About this task
Some entries follow. Reproduce exactly the lines starting at the one with "ヒヨコガール 神田 ガールズバー TOP画像" and stopping after the one with "Thailand individuelle Reise".

======

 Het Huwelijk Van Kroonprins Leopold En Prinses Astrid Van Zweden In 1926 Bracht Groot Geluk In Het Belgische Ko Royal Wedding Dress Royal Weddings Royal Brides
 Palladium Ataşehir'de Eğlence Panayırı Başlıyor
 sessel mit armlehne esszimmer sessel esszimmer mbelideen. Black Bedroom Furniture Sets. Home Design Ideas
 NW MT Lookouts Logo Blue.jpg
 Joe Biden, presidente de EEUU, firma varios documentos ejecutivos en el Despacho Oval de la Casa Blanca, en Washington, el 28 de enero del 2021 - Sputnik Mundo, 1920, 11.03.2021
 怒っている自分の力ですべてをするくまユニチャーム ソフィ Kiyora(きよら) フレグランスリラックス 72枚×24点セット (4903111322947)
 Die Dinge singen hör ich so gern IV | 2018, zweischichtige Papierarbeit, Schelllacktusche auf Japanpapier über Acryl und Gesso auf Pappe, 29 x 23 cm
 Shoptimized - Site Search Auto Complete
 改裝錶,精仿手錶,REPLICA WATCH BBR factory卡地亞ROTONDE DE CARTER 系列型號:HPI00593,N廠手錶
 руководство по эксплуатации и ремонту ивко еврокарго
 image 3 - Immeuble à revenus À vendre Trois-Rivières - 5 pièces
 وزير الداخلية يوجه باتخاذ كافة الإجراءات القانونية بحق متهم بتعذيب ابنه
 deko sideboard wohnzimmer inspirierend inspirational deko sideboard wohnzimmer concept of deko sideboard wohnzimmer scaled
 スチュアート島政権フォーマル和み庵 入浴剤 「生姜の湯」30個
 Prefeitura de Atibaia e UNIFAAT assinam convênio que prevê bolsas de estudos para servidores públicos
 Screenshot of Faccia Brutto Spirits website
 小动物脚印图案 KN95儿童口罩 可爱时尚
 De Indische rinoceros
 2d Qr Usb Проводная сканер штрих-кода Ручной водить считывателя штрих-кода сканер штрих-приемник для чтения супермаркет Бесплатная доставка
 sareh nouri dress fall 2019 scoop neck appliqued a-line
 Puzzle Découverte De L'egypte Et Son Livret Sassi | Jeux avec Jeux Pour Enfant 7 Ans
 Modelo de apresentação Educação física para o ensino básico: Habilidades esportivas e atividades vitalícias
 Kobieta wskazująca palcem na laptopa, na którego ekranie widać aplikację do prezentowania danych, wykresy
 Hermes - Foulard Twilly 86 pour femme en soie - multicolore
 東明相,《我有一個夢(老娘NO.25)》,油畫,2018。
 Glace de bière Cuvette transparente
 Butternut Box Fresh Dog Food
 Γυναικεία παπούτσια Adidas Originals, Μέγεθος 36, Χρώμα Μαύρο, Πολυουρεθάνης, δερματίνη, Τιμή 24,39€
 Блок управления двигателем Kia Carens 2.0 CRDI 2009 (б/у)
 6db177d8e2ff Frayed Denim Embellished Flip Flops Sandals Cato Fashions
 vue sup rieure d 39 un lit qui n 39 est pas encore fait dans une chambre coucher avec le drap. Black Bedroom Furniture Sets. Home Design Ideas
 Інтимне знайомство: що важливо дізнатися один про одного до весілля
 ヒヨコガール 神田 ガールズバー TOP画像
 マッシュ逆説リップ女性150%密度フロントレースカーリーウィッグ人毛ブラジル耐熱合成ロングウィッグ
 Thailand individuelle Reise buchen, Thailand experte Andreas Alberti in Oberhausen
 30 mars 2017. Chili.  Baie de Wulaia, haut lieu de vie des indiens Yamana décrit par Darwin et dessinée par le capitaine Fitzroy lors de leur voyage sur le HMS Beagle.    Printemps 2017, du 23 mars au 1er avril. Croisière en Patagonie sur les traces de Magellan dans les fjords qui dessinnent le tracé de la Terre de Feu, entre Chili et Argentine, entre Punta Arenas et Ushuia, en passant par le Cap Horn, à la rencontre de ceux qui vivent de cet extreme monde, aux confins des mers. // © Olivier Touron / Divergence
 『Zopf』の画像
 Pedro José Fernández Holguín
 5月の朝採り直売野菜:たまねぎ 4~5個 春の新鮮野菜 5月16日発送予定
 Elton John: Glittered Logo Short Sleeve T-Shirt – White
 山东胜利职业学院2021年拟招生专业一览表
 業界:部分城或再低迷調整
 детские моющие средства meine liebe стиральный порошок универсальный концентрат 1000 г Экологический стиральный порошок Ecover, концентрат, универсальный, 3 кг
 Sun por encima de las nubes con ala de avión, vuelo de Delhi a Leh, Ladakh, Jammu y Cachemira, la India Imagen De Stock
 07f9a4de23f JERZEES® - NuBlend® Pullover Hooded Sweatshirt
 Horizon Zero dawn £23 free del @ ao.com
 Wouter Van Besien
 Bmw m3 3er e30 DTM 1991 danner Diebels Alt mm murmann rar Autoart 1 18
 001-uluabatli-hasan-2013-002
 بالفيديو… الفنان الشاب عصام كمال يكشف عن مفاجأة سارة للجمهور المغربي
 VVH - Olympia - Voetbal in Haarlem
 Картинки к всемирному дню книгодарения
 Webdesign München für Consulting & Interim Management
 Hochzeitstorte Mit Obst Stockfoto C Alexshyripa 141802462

======

Answer box
 ヒヨコガール 神田 ガールズバー TOP画像
 マッシュ逆説リップ女性150%密度フロントレースカーリーウィッグ人毛ブラジル耐熱合成ロングウィッグ
 Thailand individuelle Reise buchen, Thailand experte Andreas Alberti in Oberhausen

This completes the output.